Kenyan authorities arrest public land, railway chiefs on suspicion of corruption 0

Kenyan authorities have detained the country’s chairmen of railway and the agency that manages public land, accusing them of alleged corruption over land allocation for the new $3-billion flagship Nairobi-Mombasa railway.

The two top officials were arrested on Saturday, the latest to be caught up in President Uhuru Kenyatta’s anti-corruption drive in the African country in recent months.

The new railway, which is linking the capital Nairobi to East Africa’s main port city, was funded by China and is now considered as one of the largest infrastructure projects of Kenyatta.

Mohammed Abdalla Swazuri, the head of National Land Commission, and managing director of the Kenya Railways Corporation, Atanas Kariuki Maina, were among 18 other officials, businesspeople and firms named in a statement listing arrests that was released by the prosecutor’s office on Saturday.

However, no Chinese companies were named in the prosecutor’s statement.

Opposition leaders and Kenyan economists have already lambasted the railway’s huge funding for increasing the country’s debt burden, which the IMF estimated at between 54 and 55 percent of economic output (GDP) in the 2017-18 fiscal year.

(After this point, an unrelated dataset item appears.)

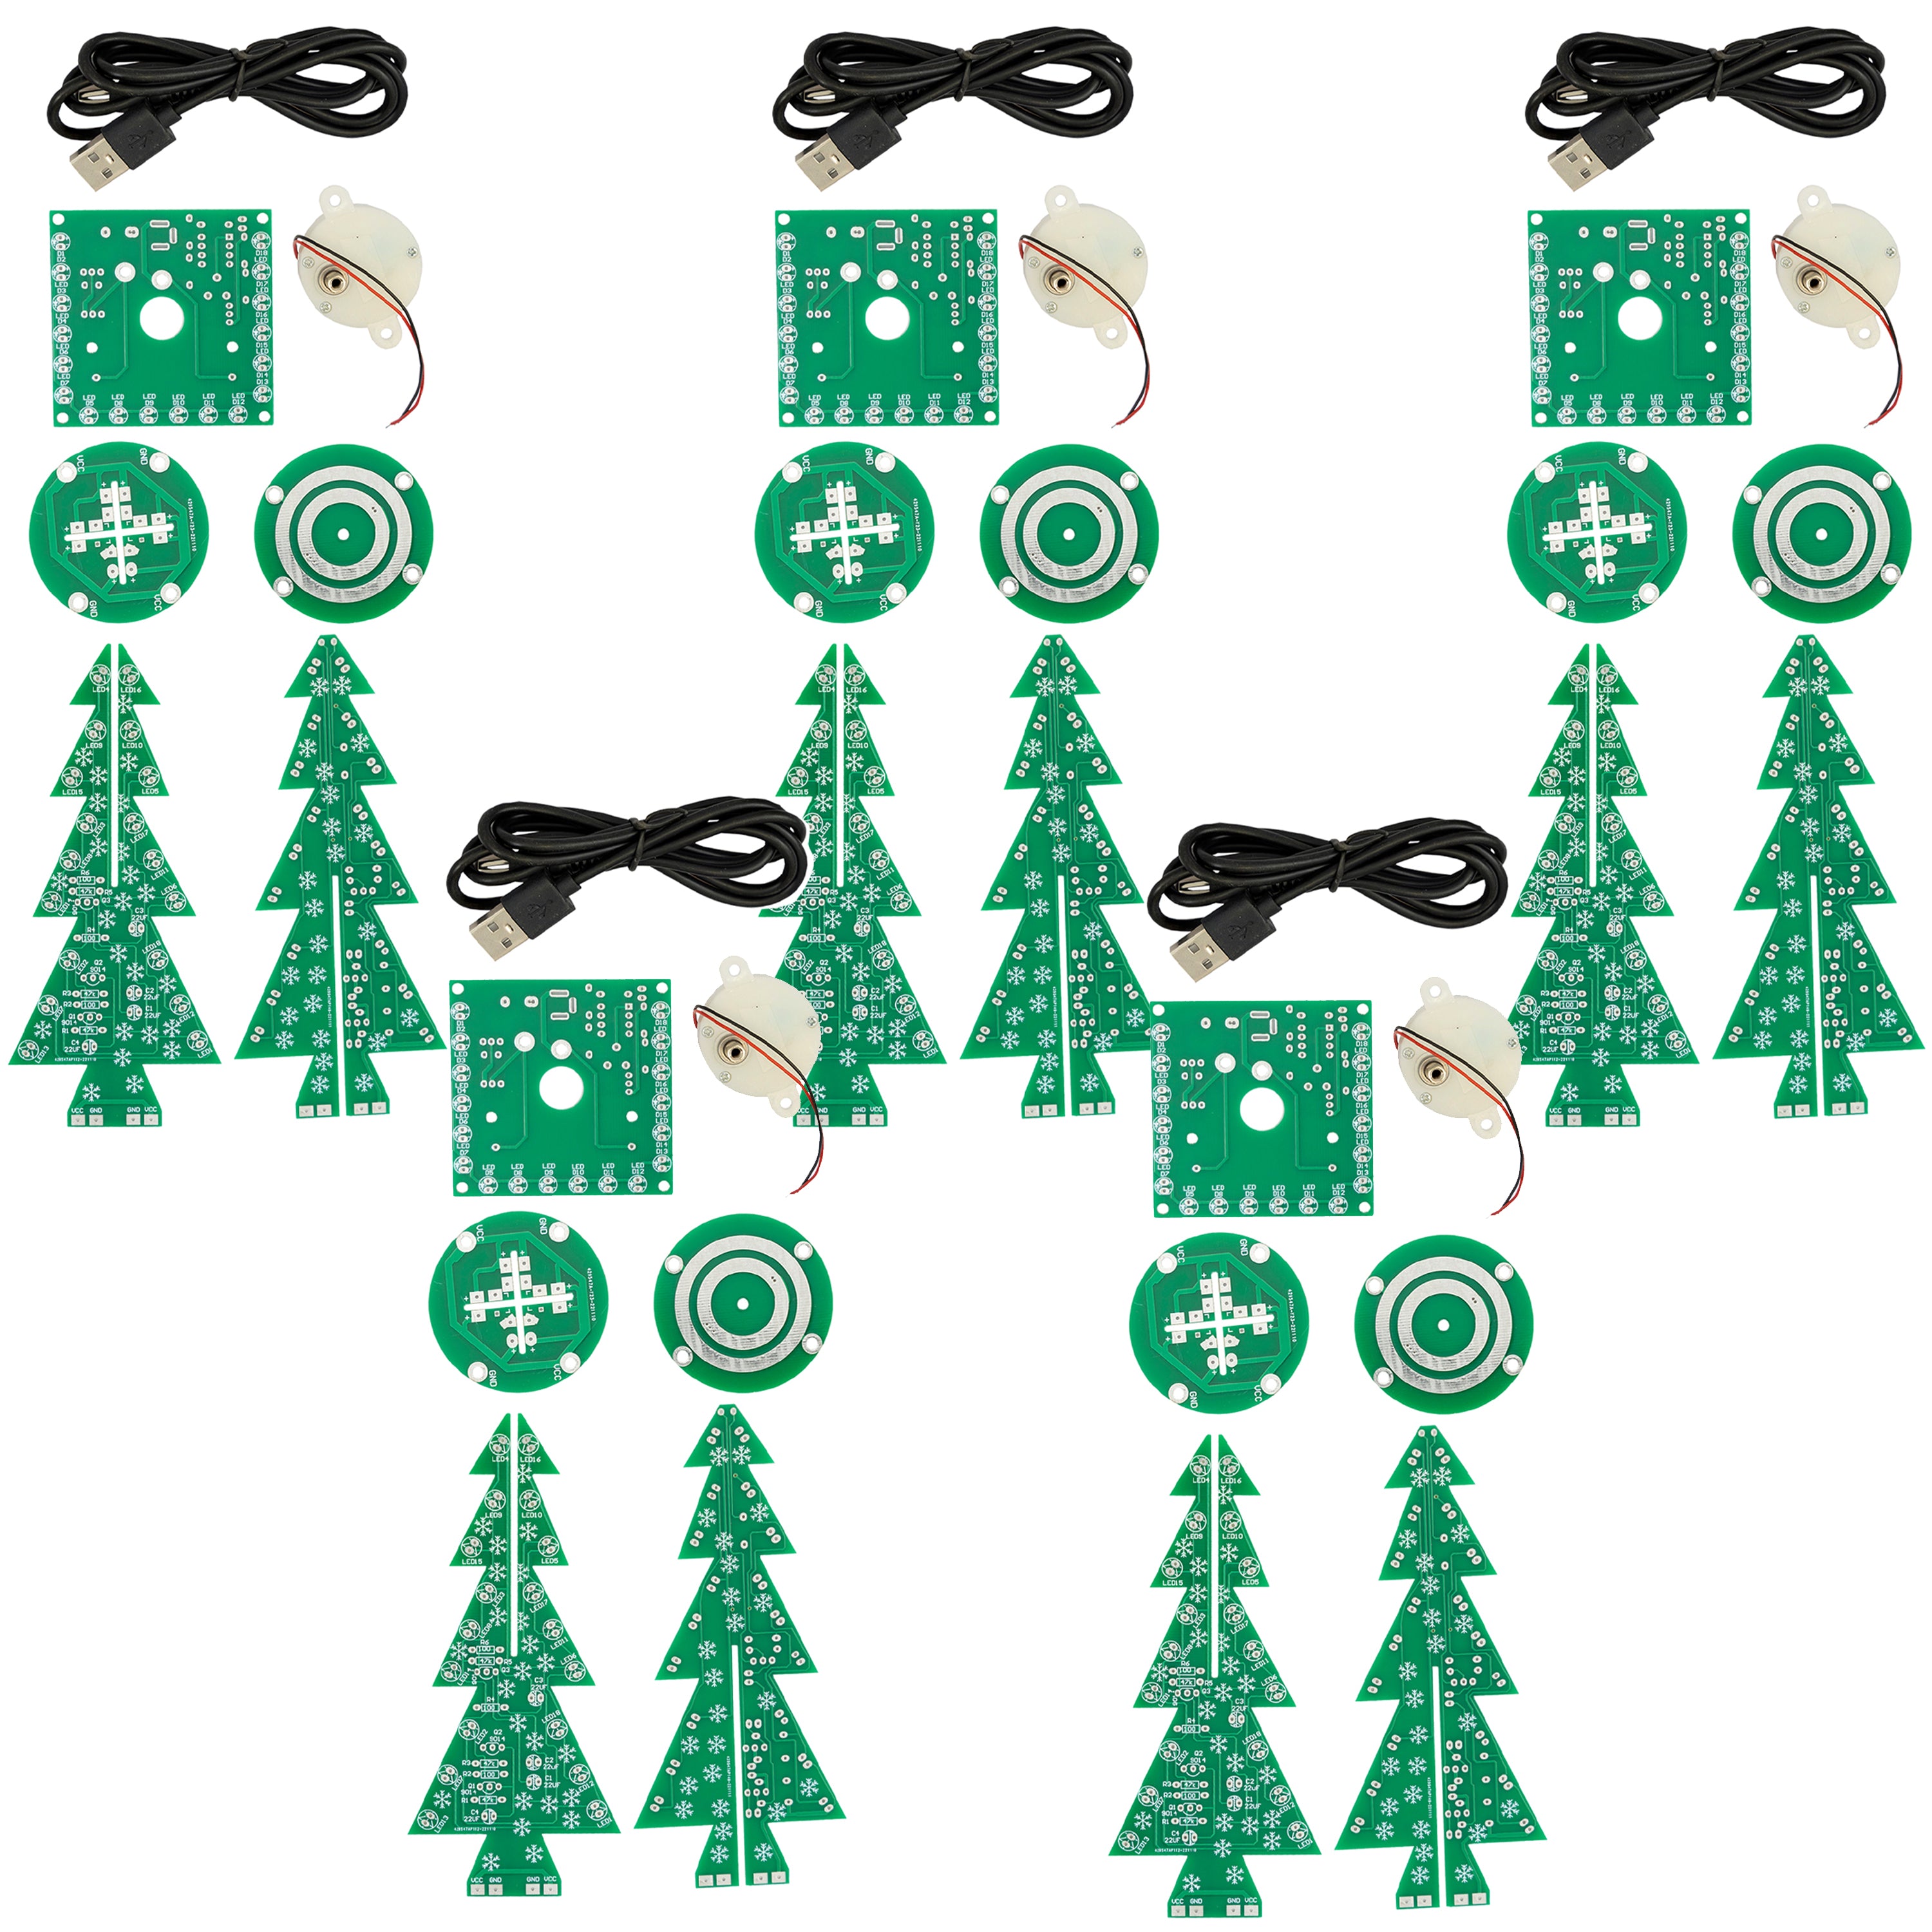 Kit per albero di Natale a LED fai da te: kit elettronico per albero di Natale da saldare - kit di saldatura per un albero di Natale rotante con LED e connessione USB

According to the country’s anti-corruption agency, the officials siphoned taxpayer money through phony compensation claims for land used for the railway. But the agency did not clarify who made the allegations.

President Kenyatta has vowed to deal with those “caught in the web of corruption.” In 2013, when he was elected for the first time, he pledged to stamp out corruption.

Back in May, several other corruption scandals were revealed. In one case, multi-million-dollar contracts were reportedly awarded to the friends and family members of employees at the electricity supplier Kenya Power.

In another case, fraudulent payments of 30 million dollars were uncovered at the National Cereals and Produce Board (NCPB).

Back in 2016, the then head of Kenya’s anti-graft agency said the county was losing a third of its state budget to corruption every year. The finance ministry disputed the claim, but Kenyatta acknowledged that corruption had reached levels that threatened national security.

Kenya, the sixth poorest country in Africa, fell to the 143rd rank among 180 countries in Transparency International’s annual corruption index for last year.